:: PROVIDED DATA

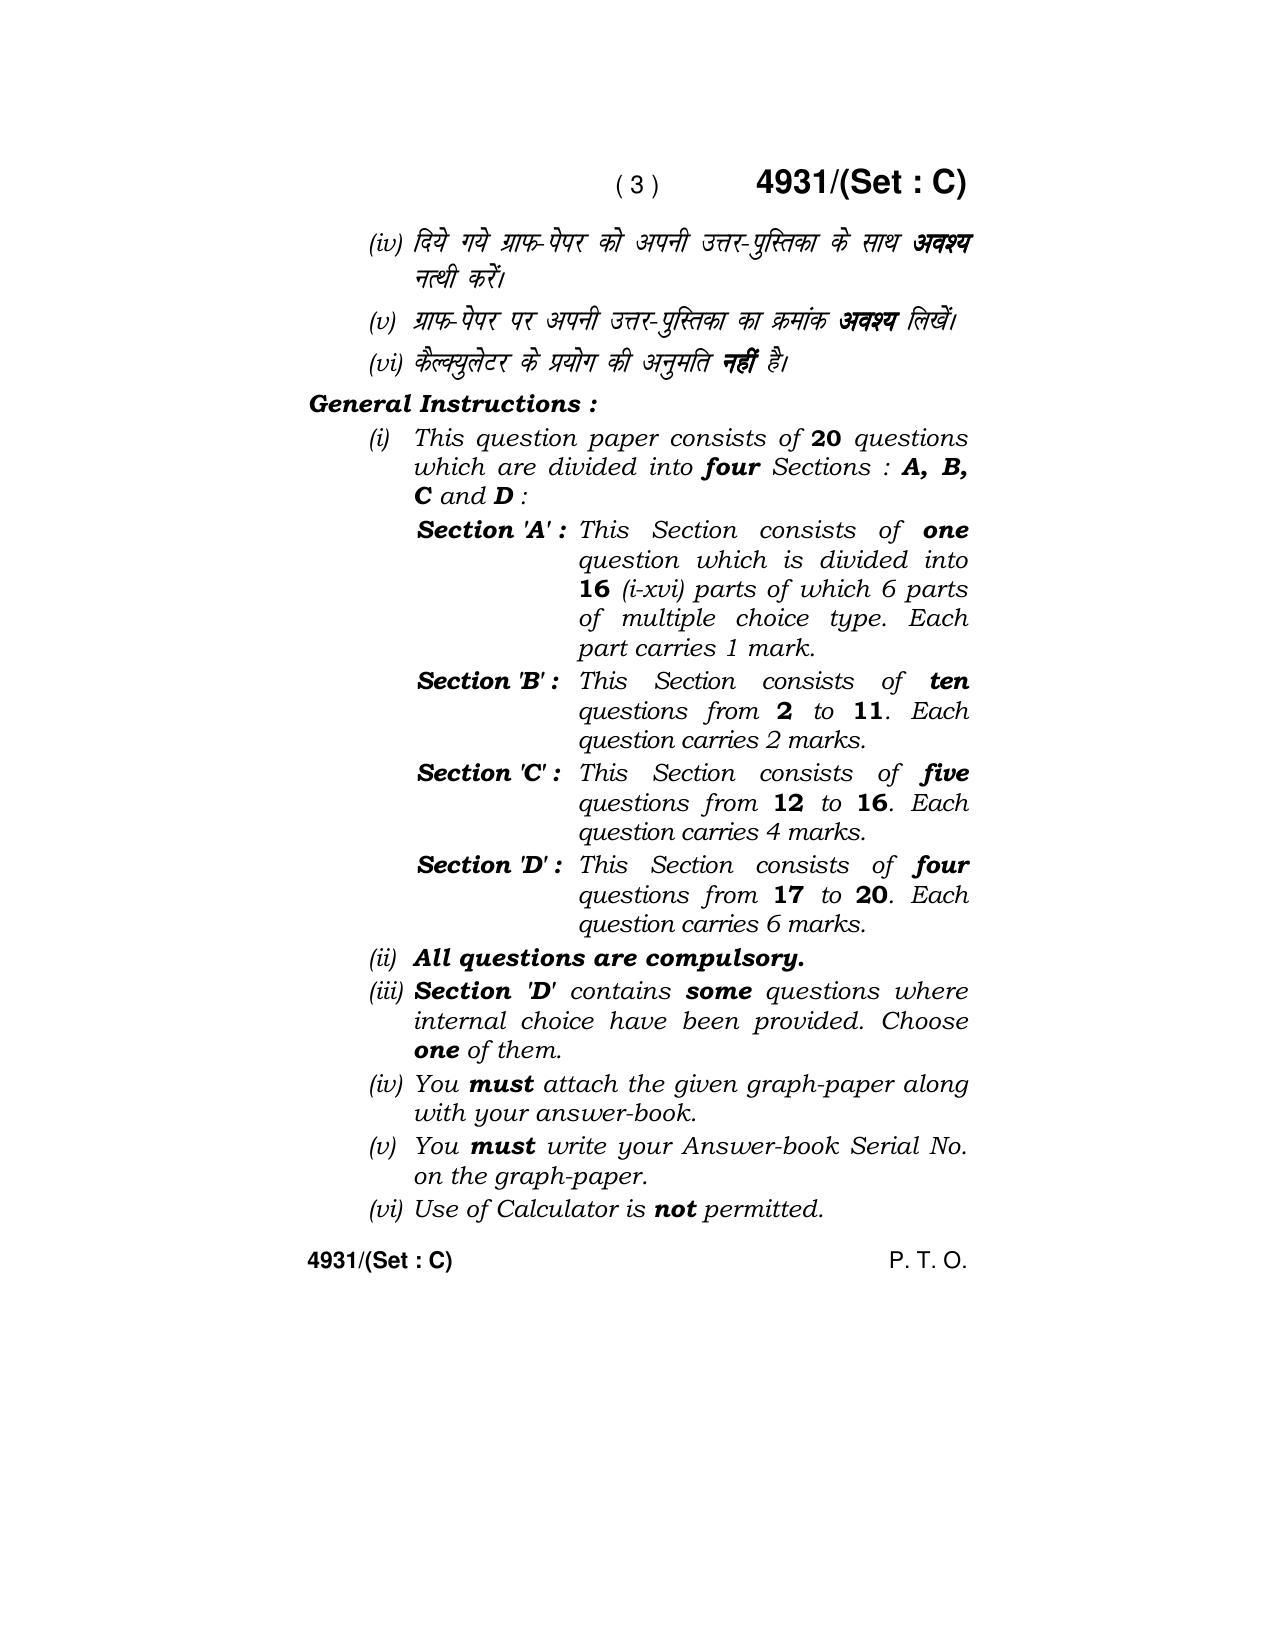 Haryana Board HBSE Class 12 Mathematics 2020 Question Paper - Page 35
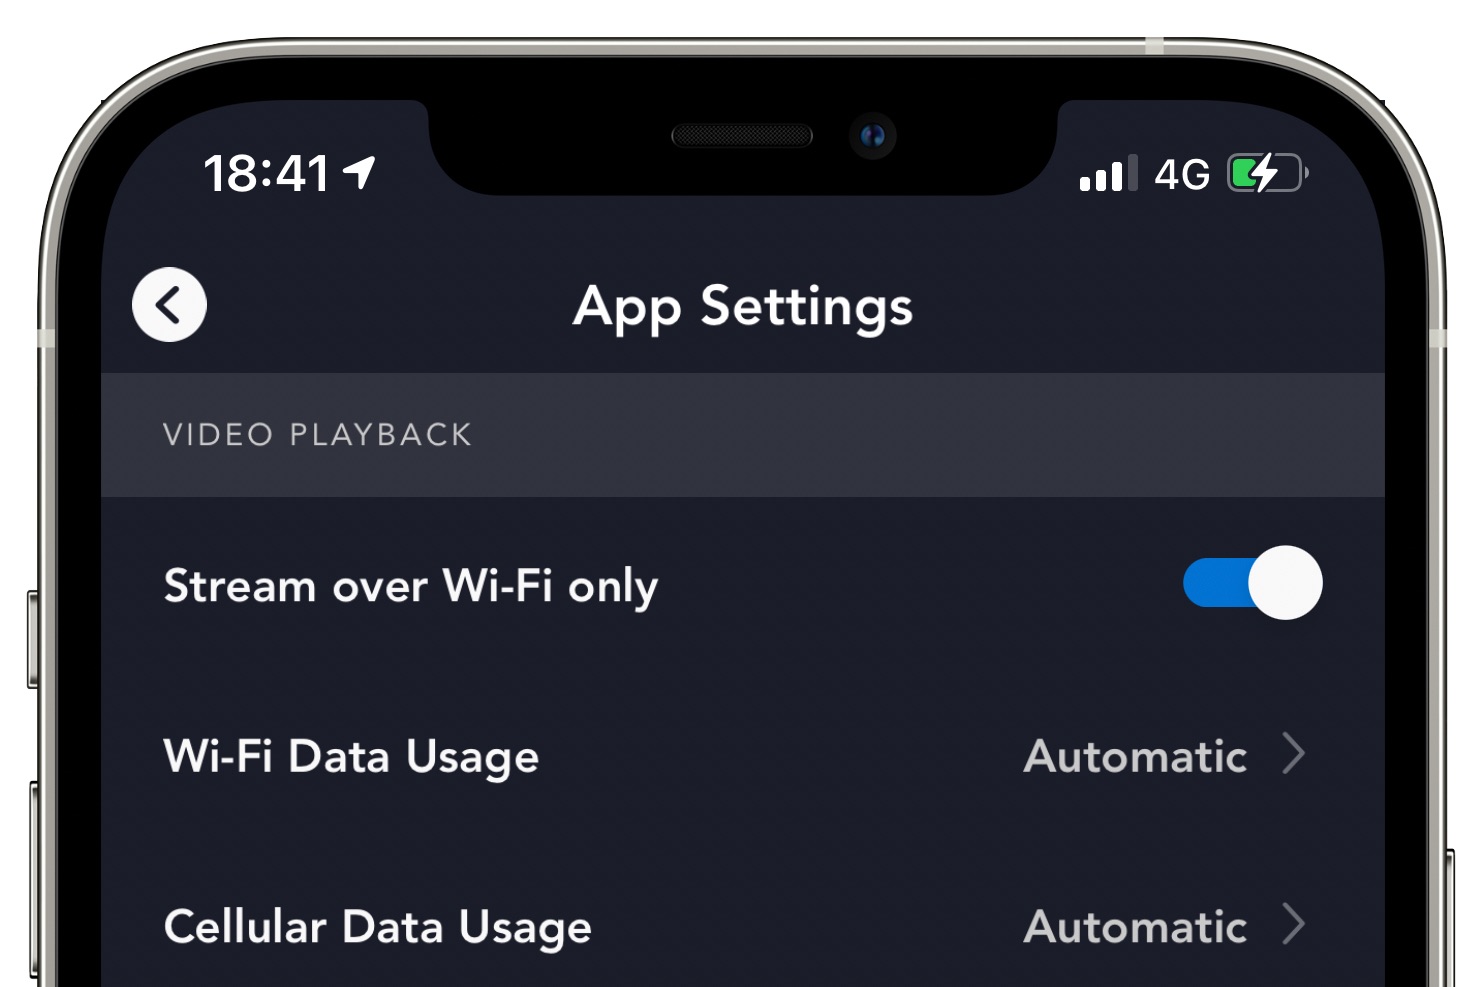 Disney+ data usage - iOS app with "Stream over Wi-Fi only" selected
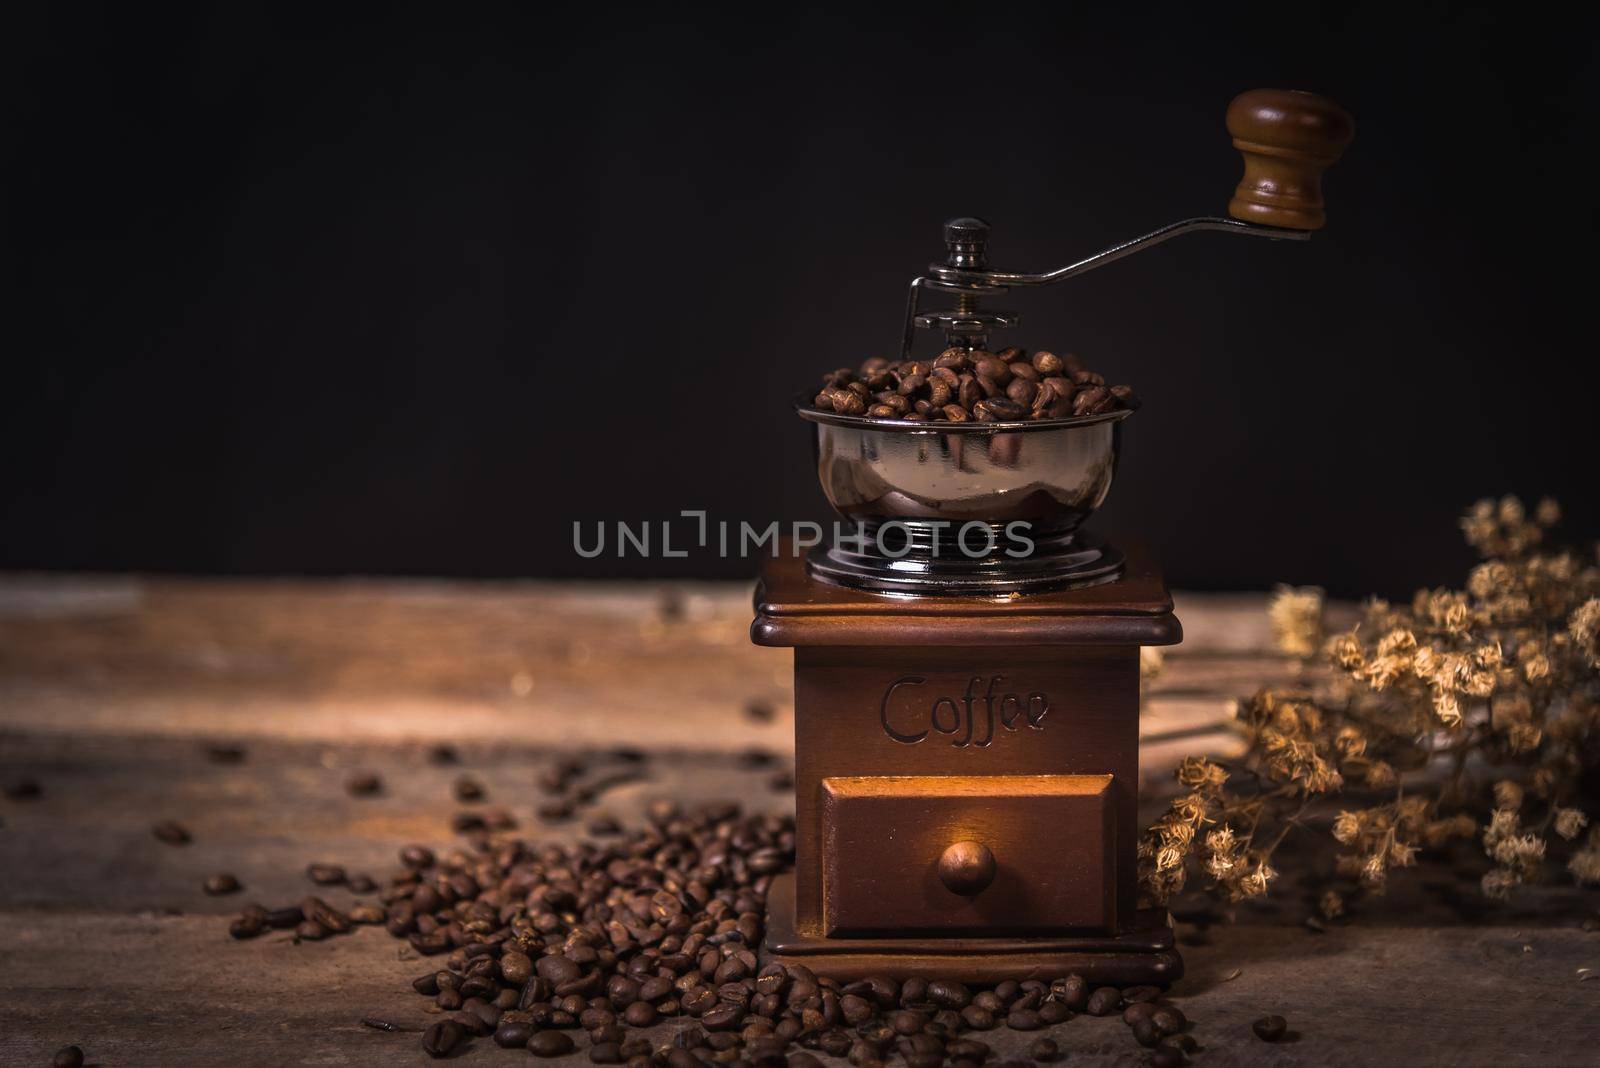 Coffee grinder and coffee beans by Wmpix
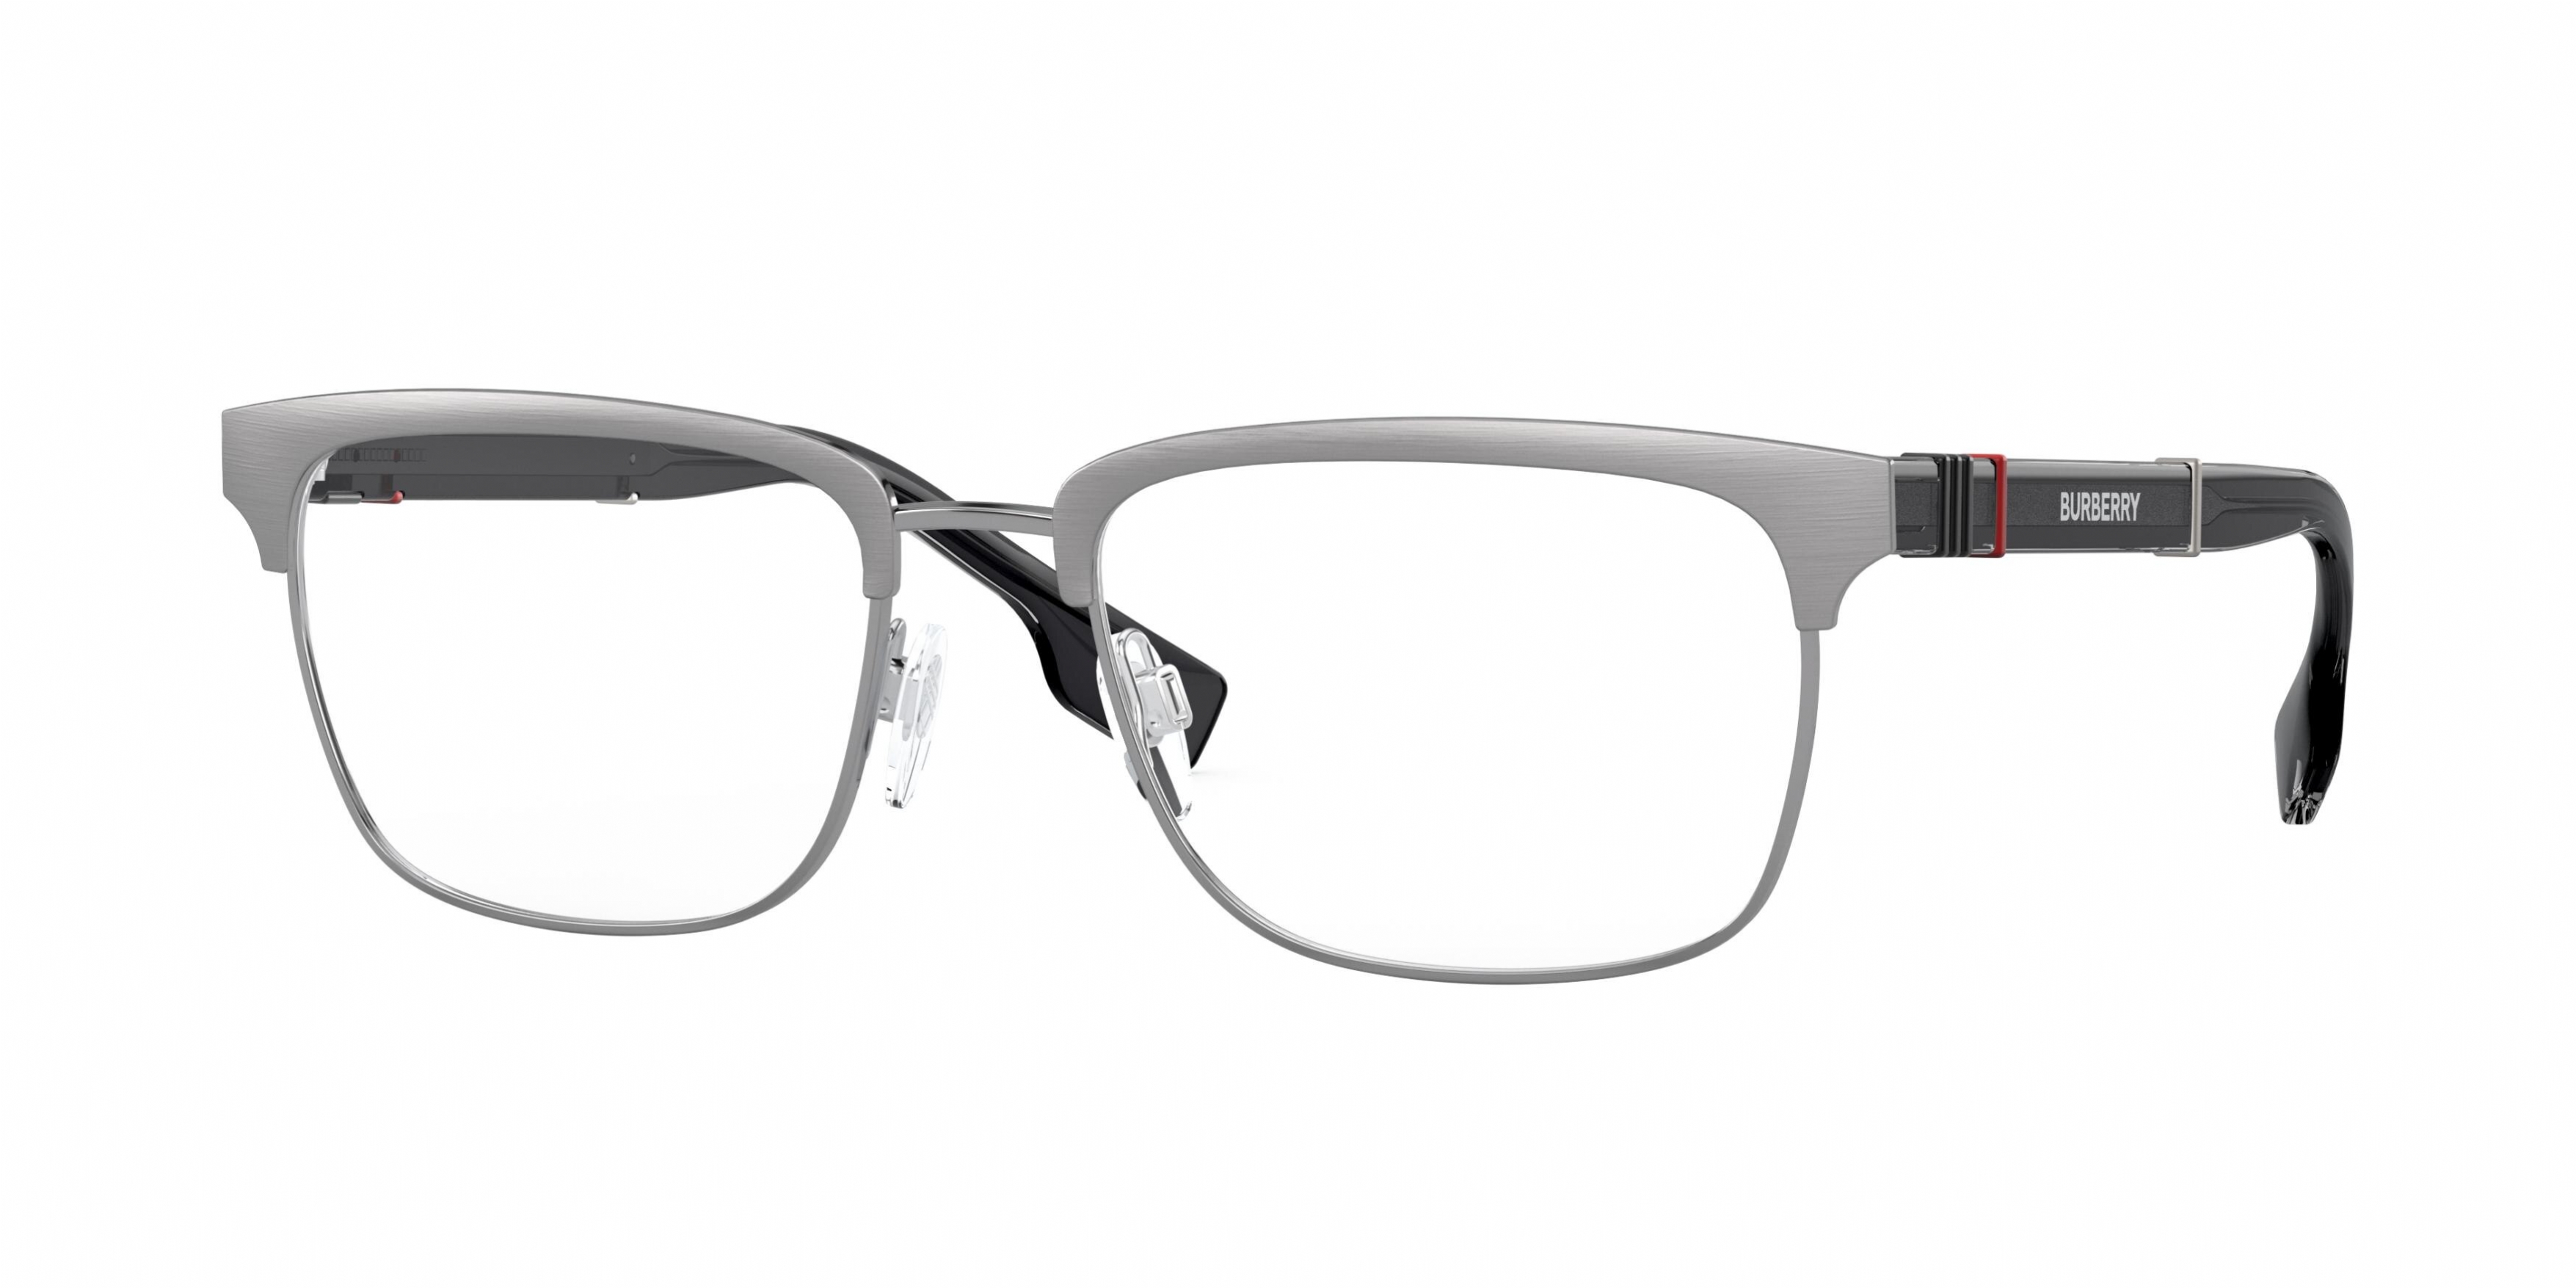 Buy Burberry Eyeglasses directly from OpticsFast.com

::::

• _EXERCISE BRIEF_: Retype all the data exactly. Omit pictures.

• _ANSWER TO THE EXERCISE_:
 Haryana Board HBSE Class 12 Mathematics 2020 Question Paper - Page 35
 Disney+ data usage - iOS app with "Stream over Wi-Fi only" selected
 Coffee grinder and coffee beans by Wmpix
 Buy Burberry Eyeglasses directly from OpticsFast.com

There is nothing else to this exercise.